Geography-wise and in USD YoY, North America and continental Europe reported a drop of 2.4% and 4%, respectively. Growth in the UK market also came down to 4.8% YoY compared with close to double-digits in the earlier quarters. India market grew 66% YoY and its revenue contribution is now ~10%.
Vertical-wise and in USD YoY, BFSI, Life Sciences and Communications continue to report a decline, even as Consumer Business and Manufacturing reported some growth. TCS recorded a TCV of USD 10.2bn in Q3 and USD 27.1bn in 9MFY25. TCV for BFSI, Retail and North America was USD 3.2bn, USD 1.3bn and USD 5.9bn, respectively.
EBIT margin improved due to cost optimization: EBIT margin rose 40bps QoQ to 24.5%. Despite weak revenue performance, TCS was able to improve margin on account of cost optimization measures such as pyramid correction (it continues to hire freshers beyond the targeted 40K fresher hiring in FY25) and continued improvement in utilization. Note that margins were helped by flat sub con cost (at 4.4% of sales) in Q3.

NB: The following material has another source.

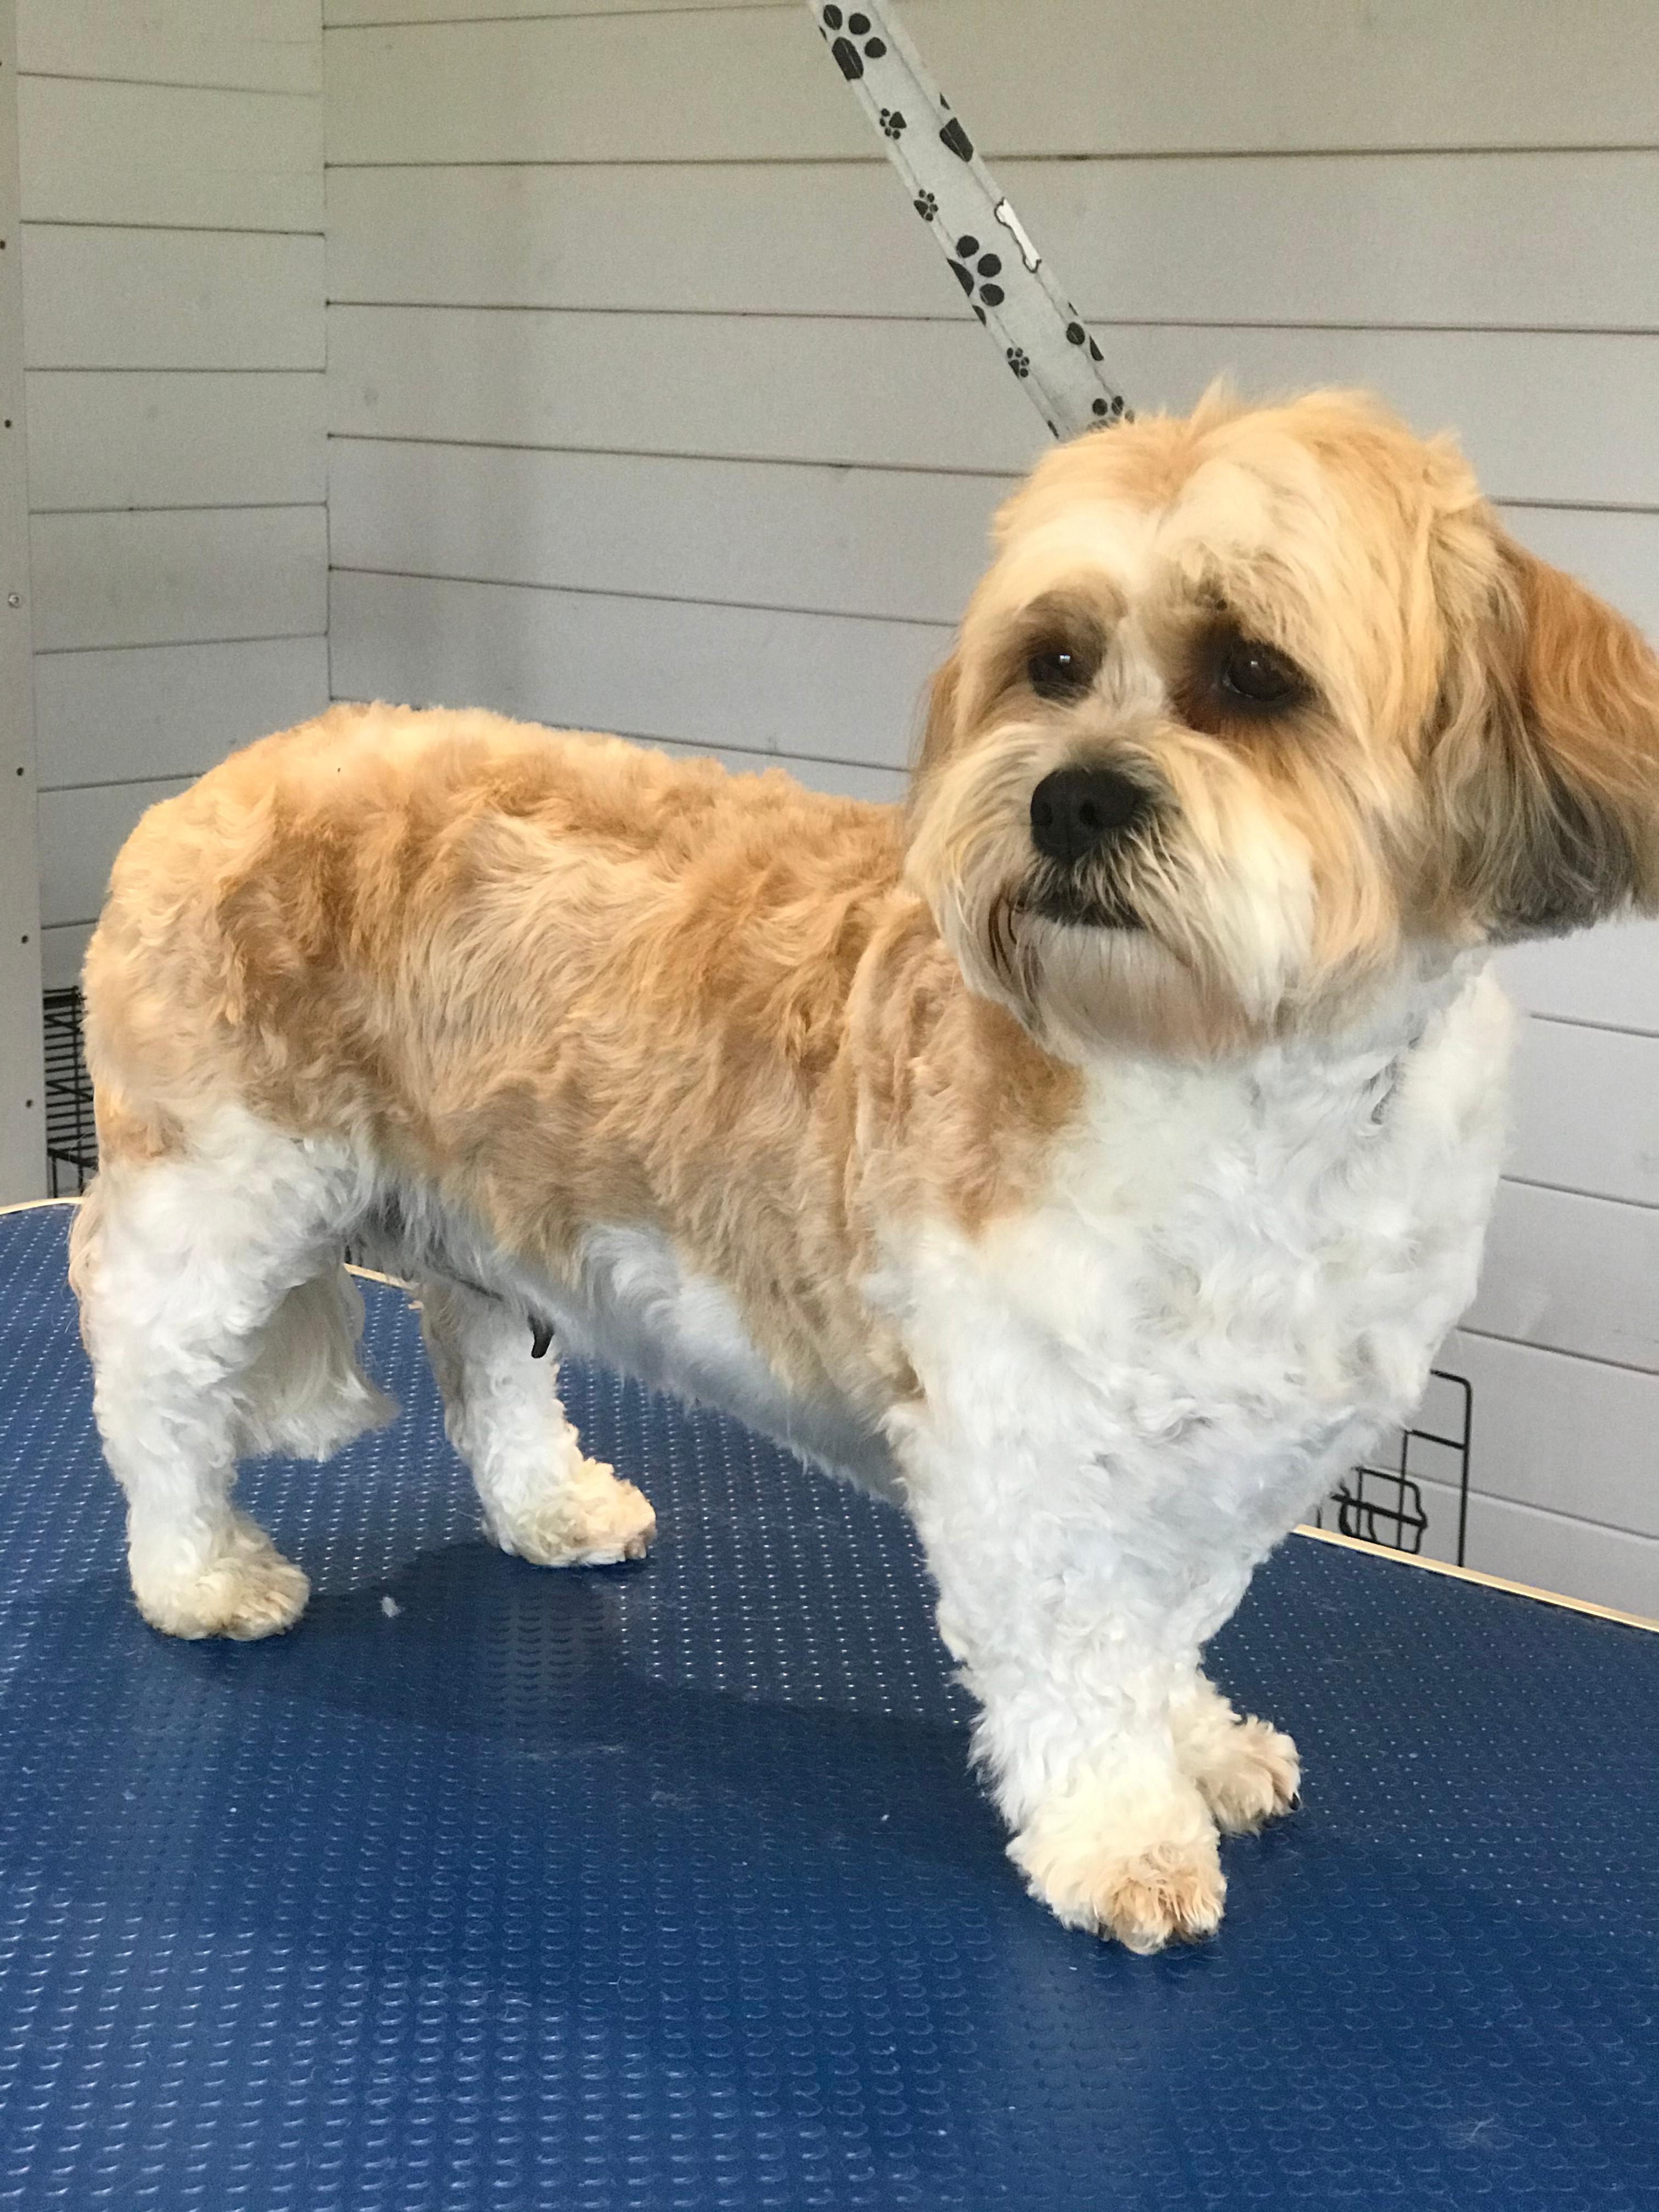 Tatty Tails Dog Grooming

We recommend Accumulate with TP pared to INR 4,530 (from INR 4,680 earlier): Overall, Q3 was better on margin. We cut FY25E USD revenue estimates to 3.9% (from 5%) to factor in weak 9M USD performance. We build in recovery FY26 onwards and factor in 7% and 8% USD growth in FY26E/27E. We cut FY26/FY27E EBIT margin estimate by 20/70bps, as we now build in lower-than-guided margins, as demand recovery may lead to some uptick in attrition and TCS may have to incur incremental costs without compromising on capturing demand. We recommend Accumulate with TP pared to INR 4,530 (INR 4,680 earlier)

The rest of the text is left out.